▶ **Exercise data**:
━━━━━━━━━━━━━━━━
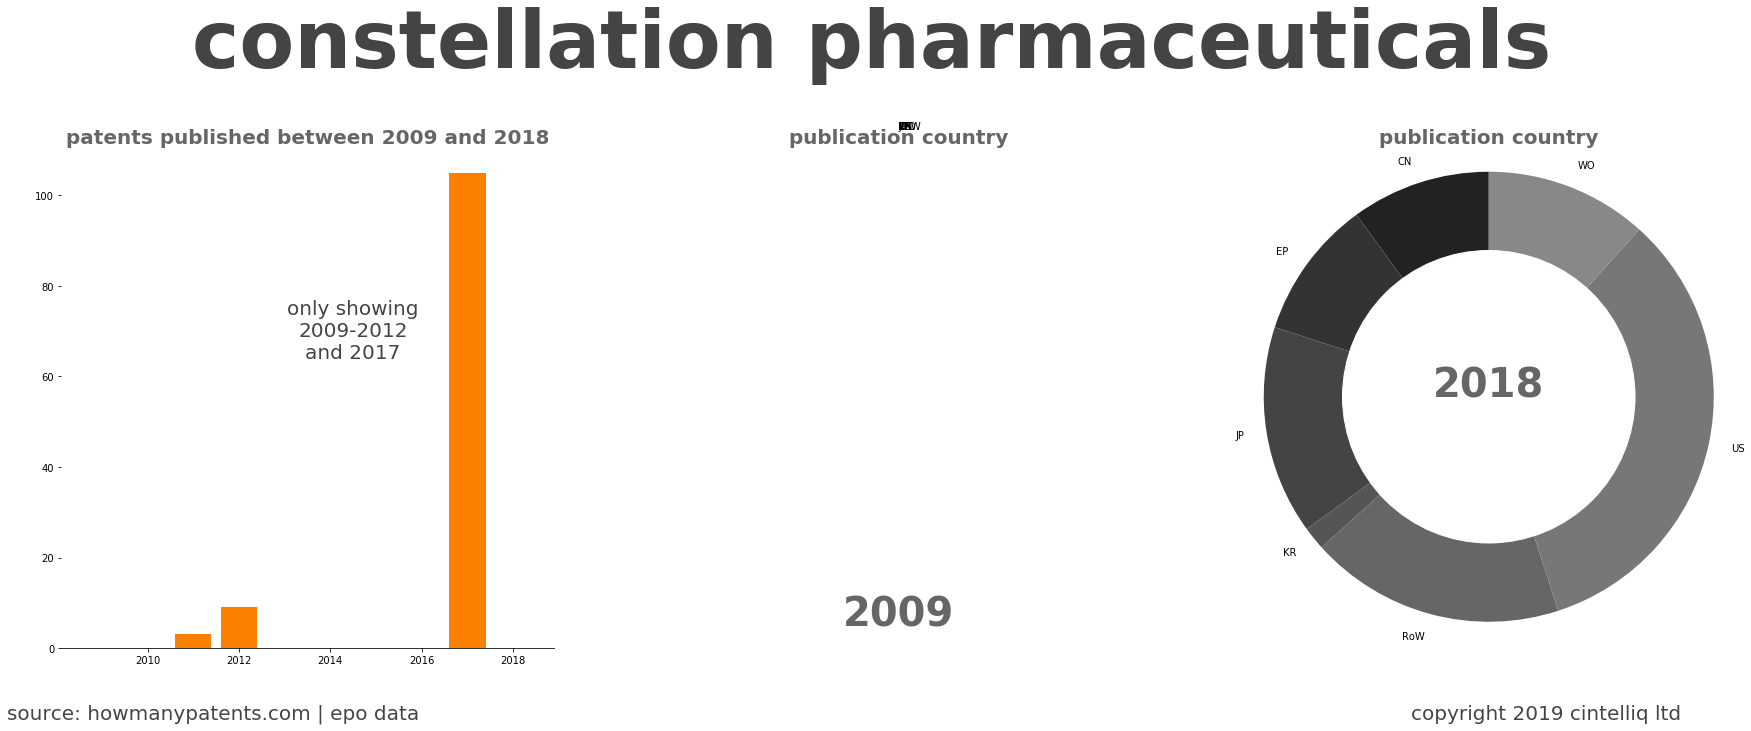 summary of patents for Constellation Pharmaceuticals
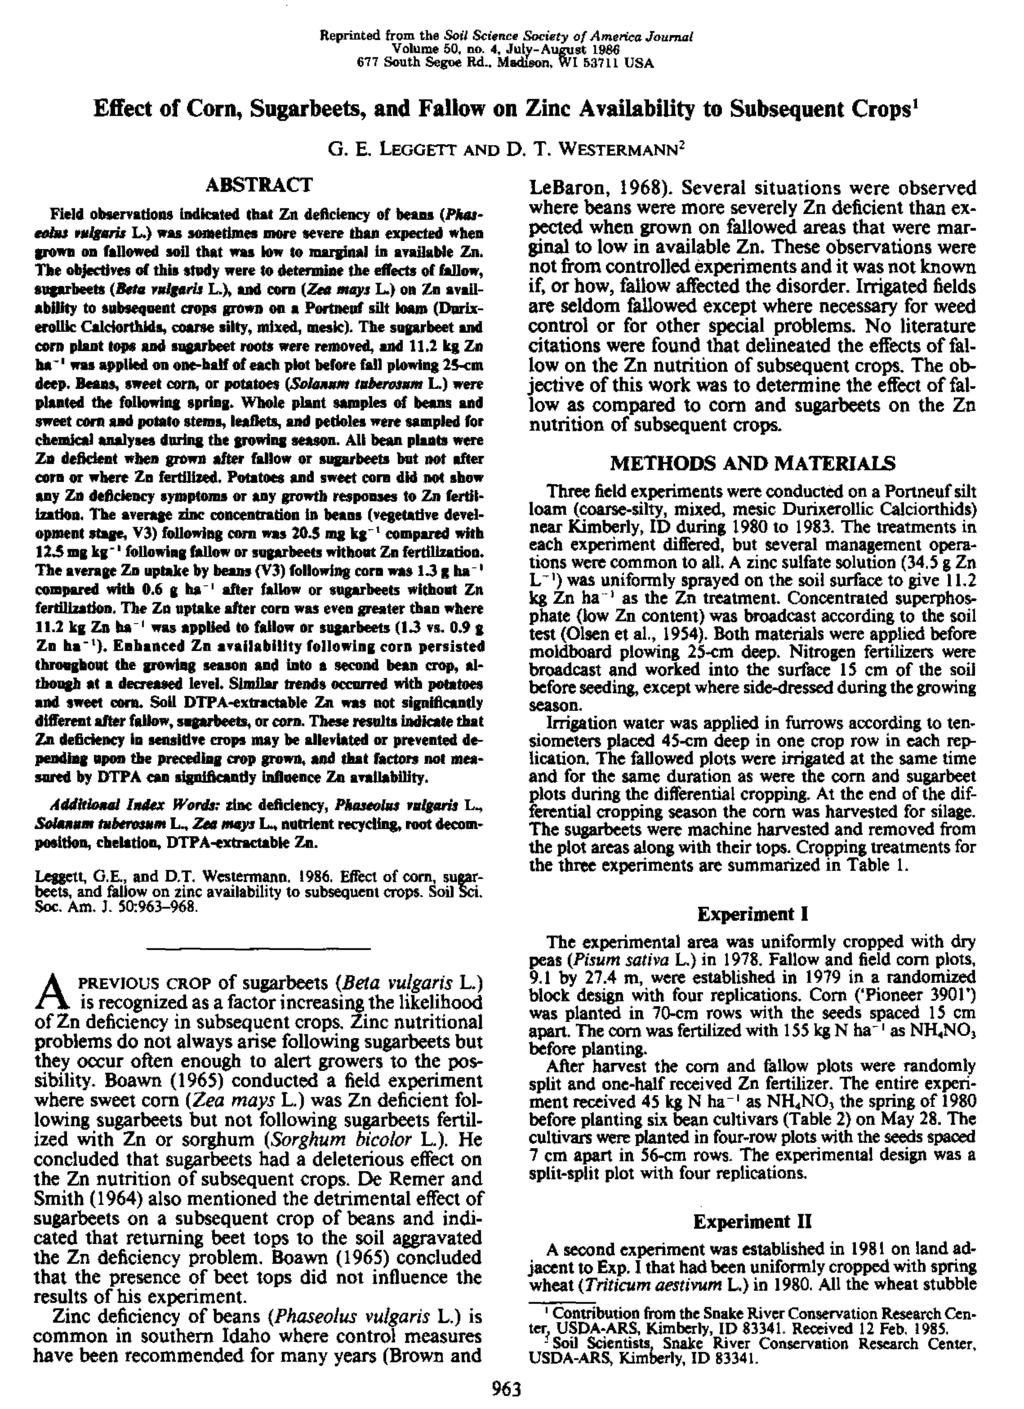 Reprinted from the Soil Science Society of America Journal Volume 50, no. 4, duly-august 1986 677 South Segue Rd.
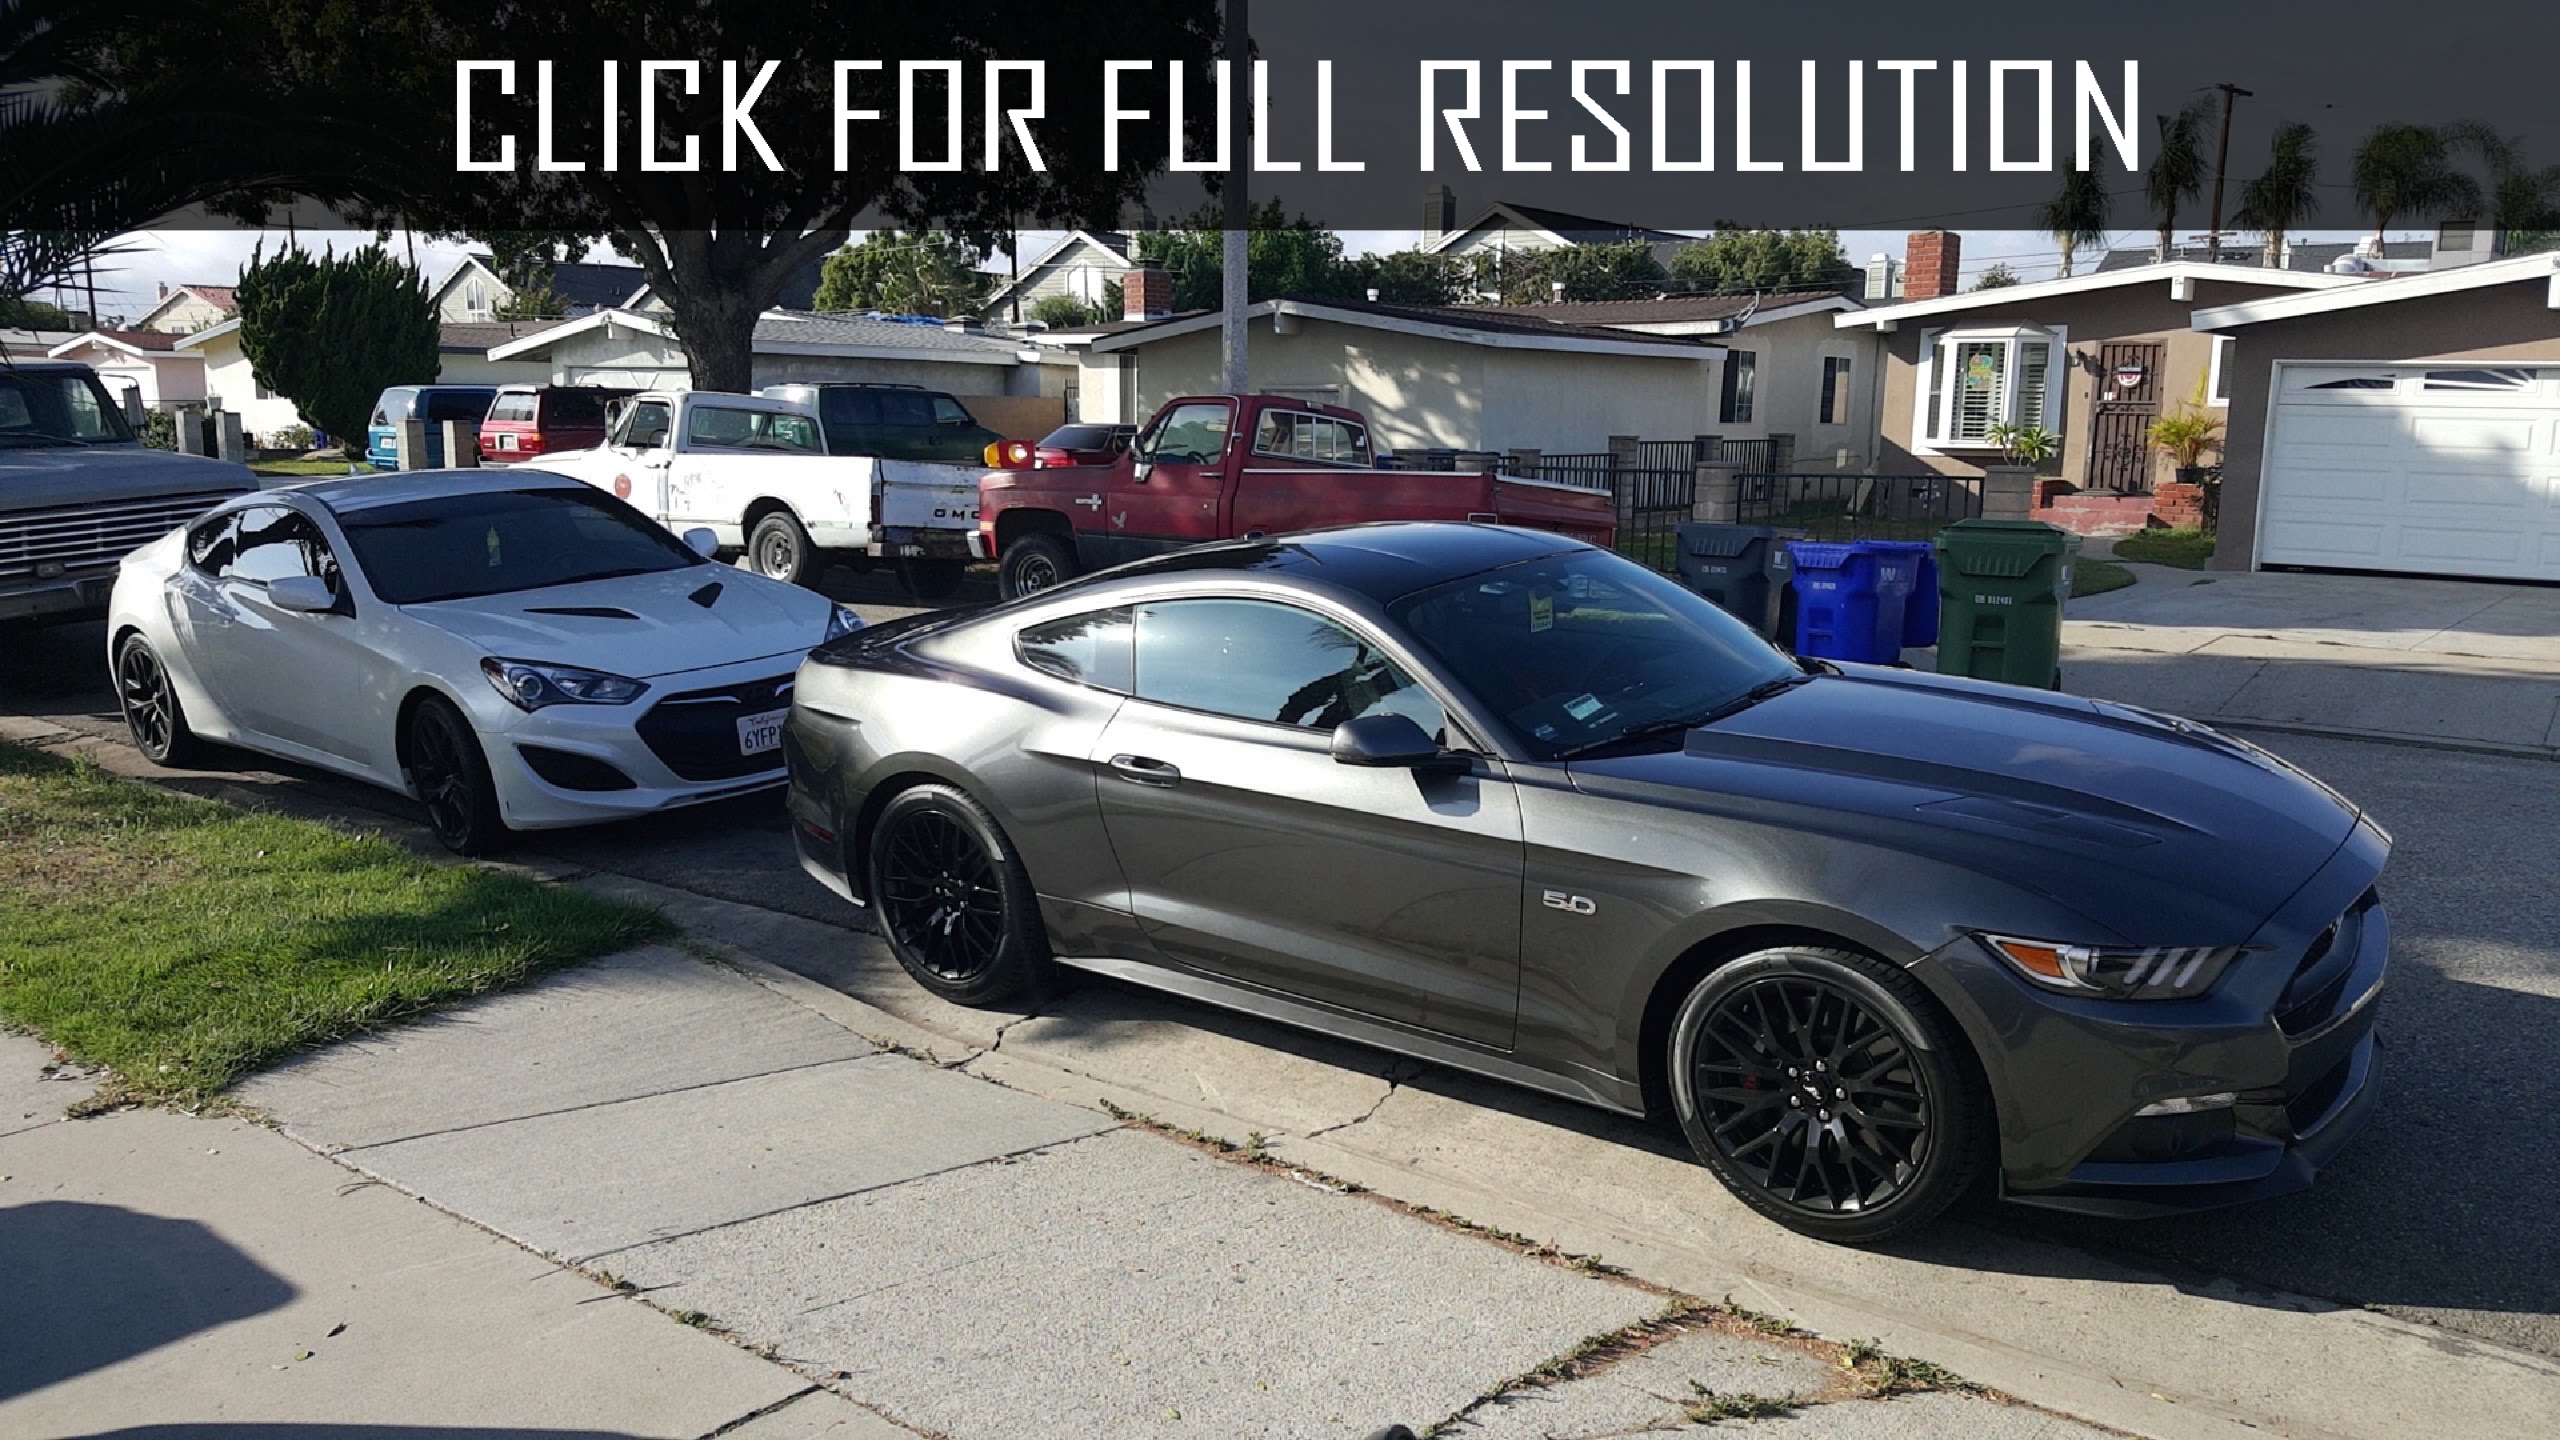 16 Ford Mustang Gt Best Image Gallery 10 13 Share And Download
━━━━━━━━━━━━━━━━
▶ **Your task**: Without the pictures, transcribe the listing exactly as it stands.

▶ **Expected output**:
 summary of patents for Constellation Pharmaceuticals
 Reprinted from the Soil Science Society of America Journal Volume 50, no. 4, duly-august 1986 677 South Segue Rd.
 16 Ford Mustang Gt Best Image Gallery 10 13 Share And Download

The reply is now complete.